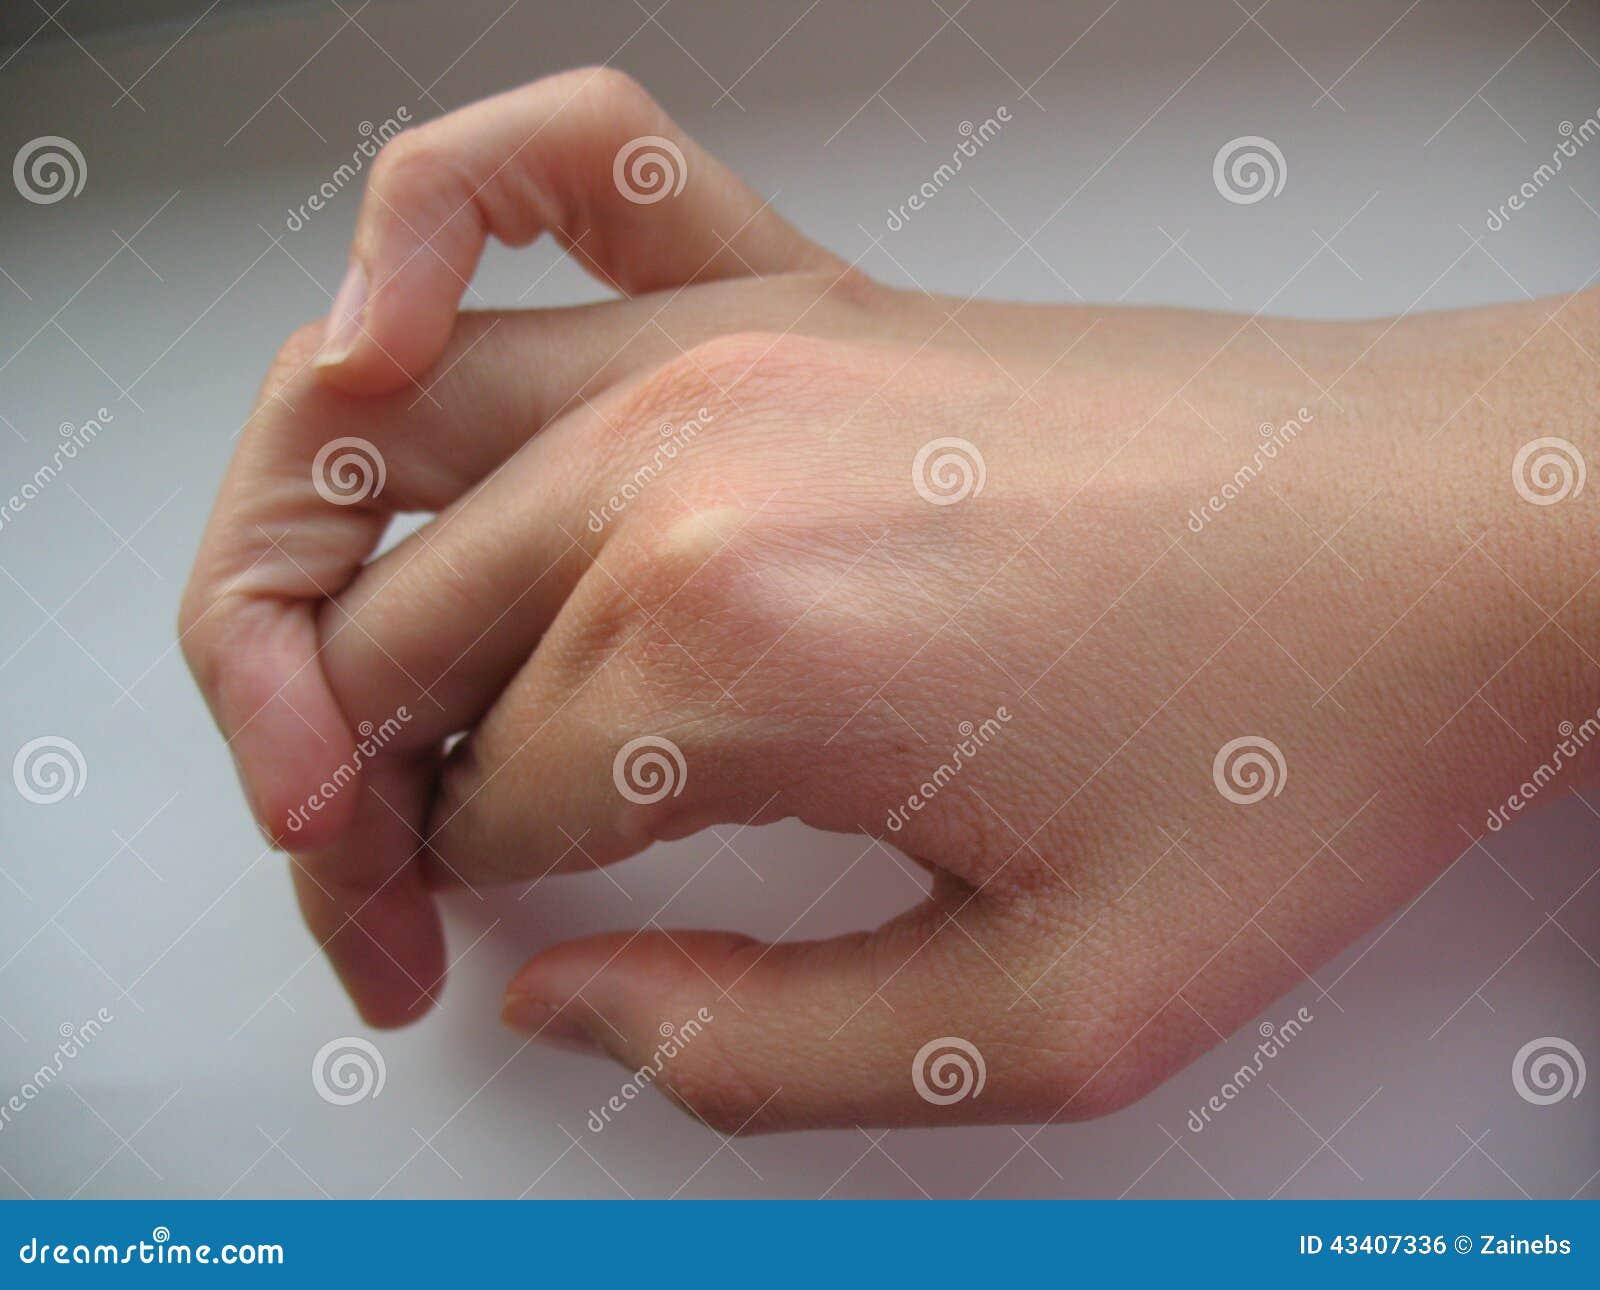 Thumb basal joint rereditary misalignment
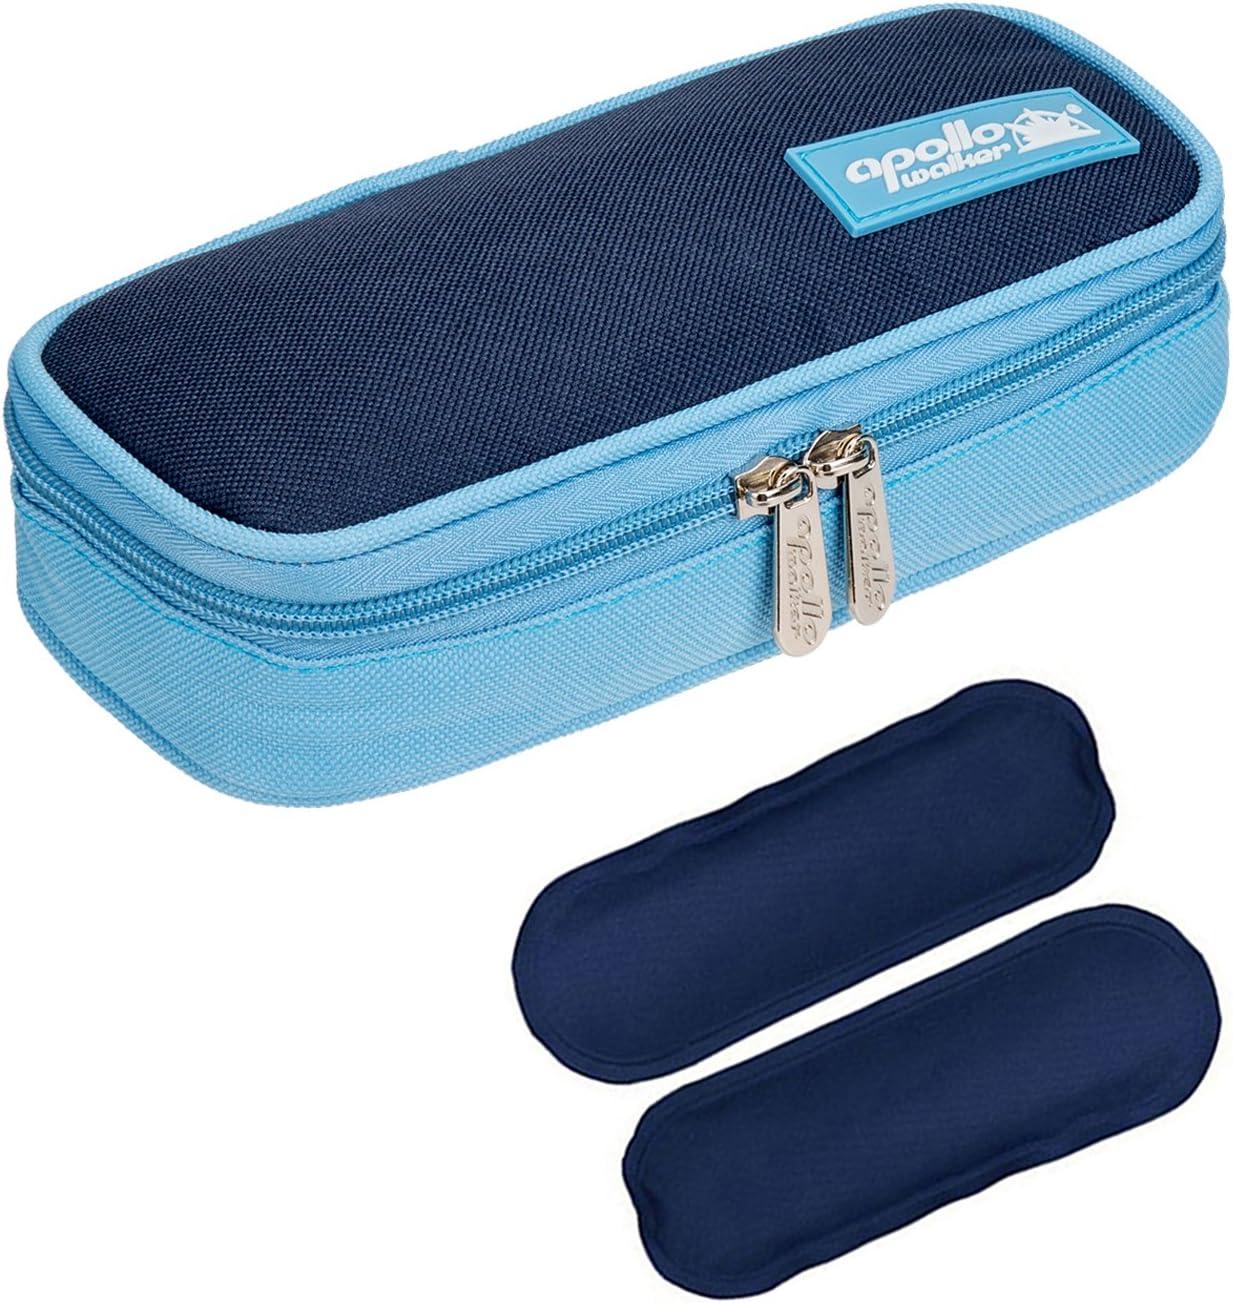 Bolsa diabética ONEGenug Enfriador de insulina Bolsa Bolsa de jeringas para la diabetes, insulina y medicamentos 20x4x9cm
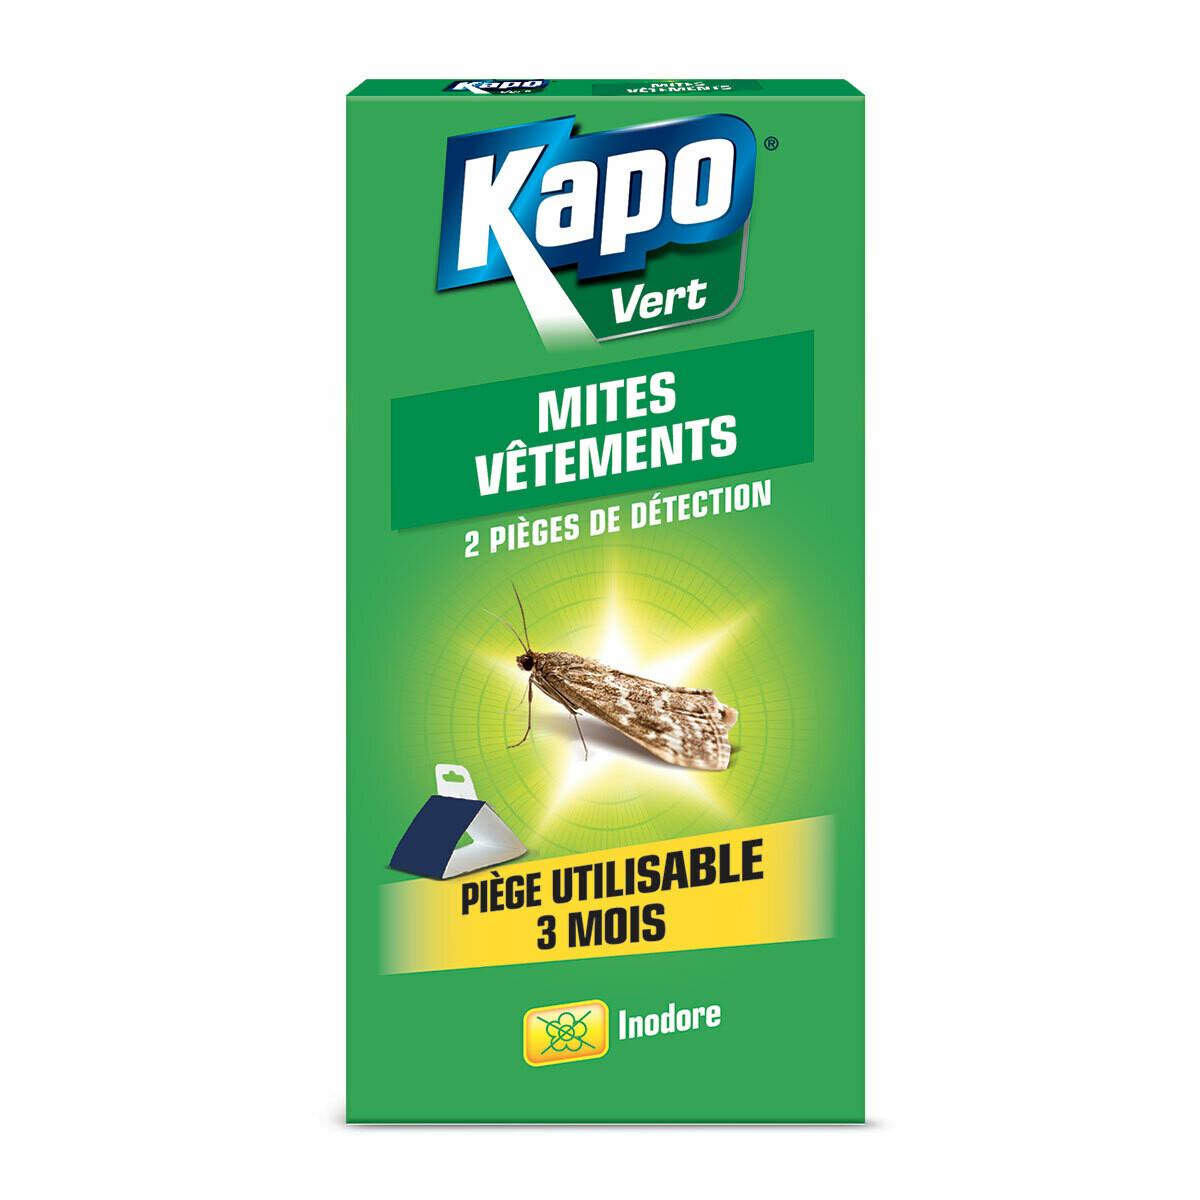 Kapo Kledingmotten vallen
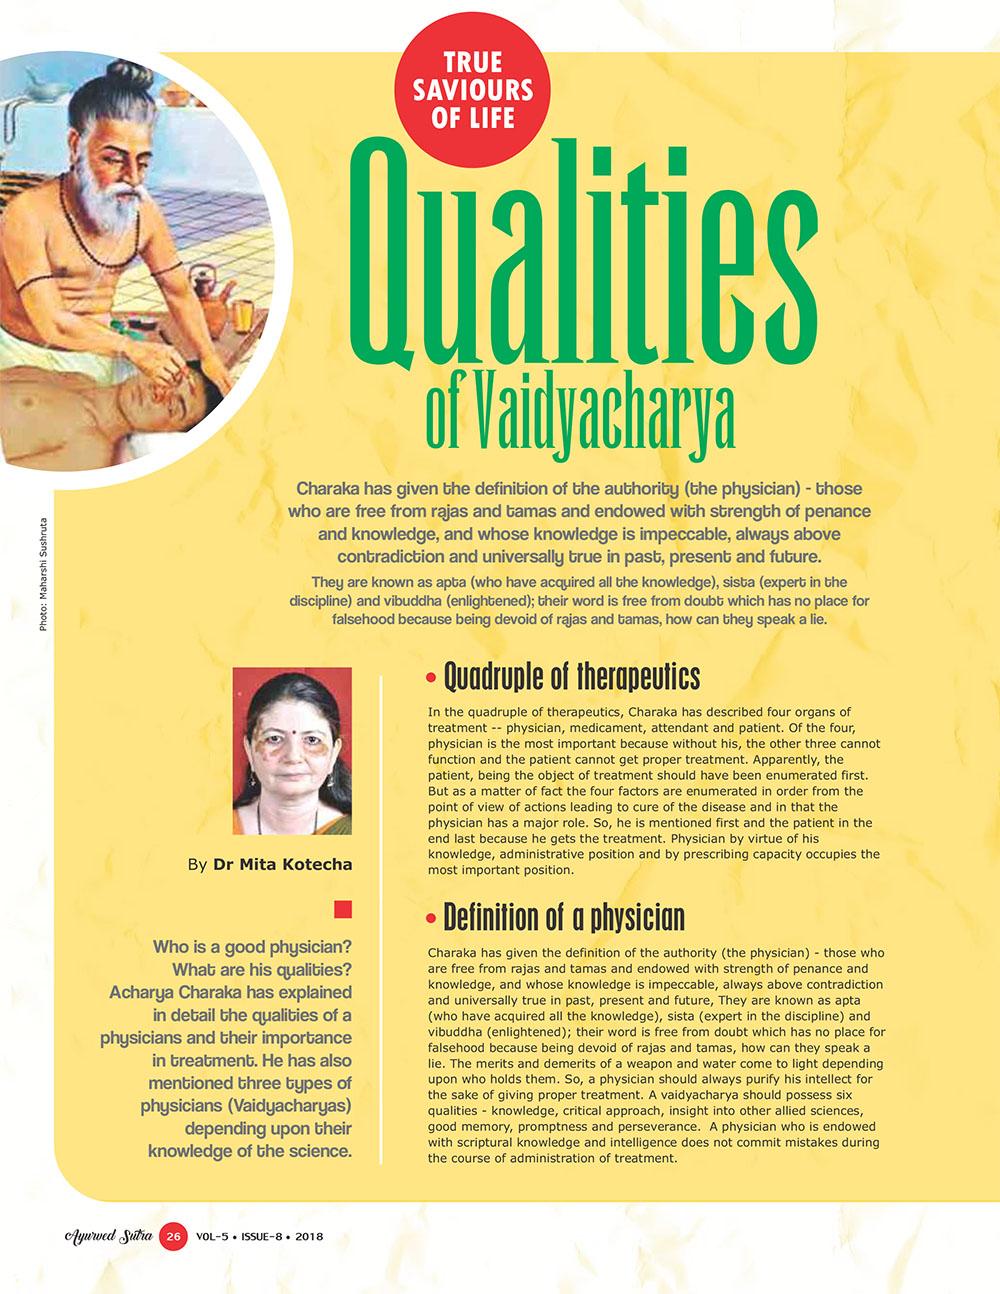 Ayurvedsutra Vol 05 issue 08 28 - Qualities of Vaidacharyas

» **Work to be completed**
Reproduce word for word the lines running from the line with "Bolsa diabética ONEGenug" through the end of the data, both included, and nothing else; leave out the pictures.

» **Your response**
 Bolsa diabética ONEGenug Enfriador de insulina Bolsa Bolsa de jeringas para la diabetes, insulina y medicamentos 20x4x9cm
 Kapo Kledingmotten vallen
 Ayurvedsutra Vol 05 issue 08 28 - Qualities of Vaidacharyas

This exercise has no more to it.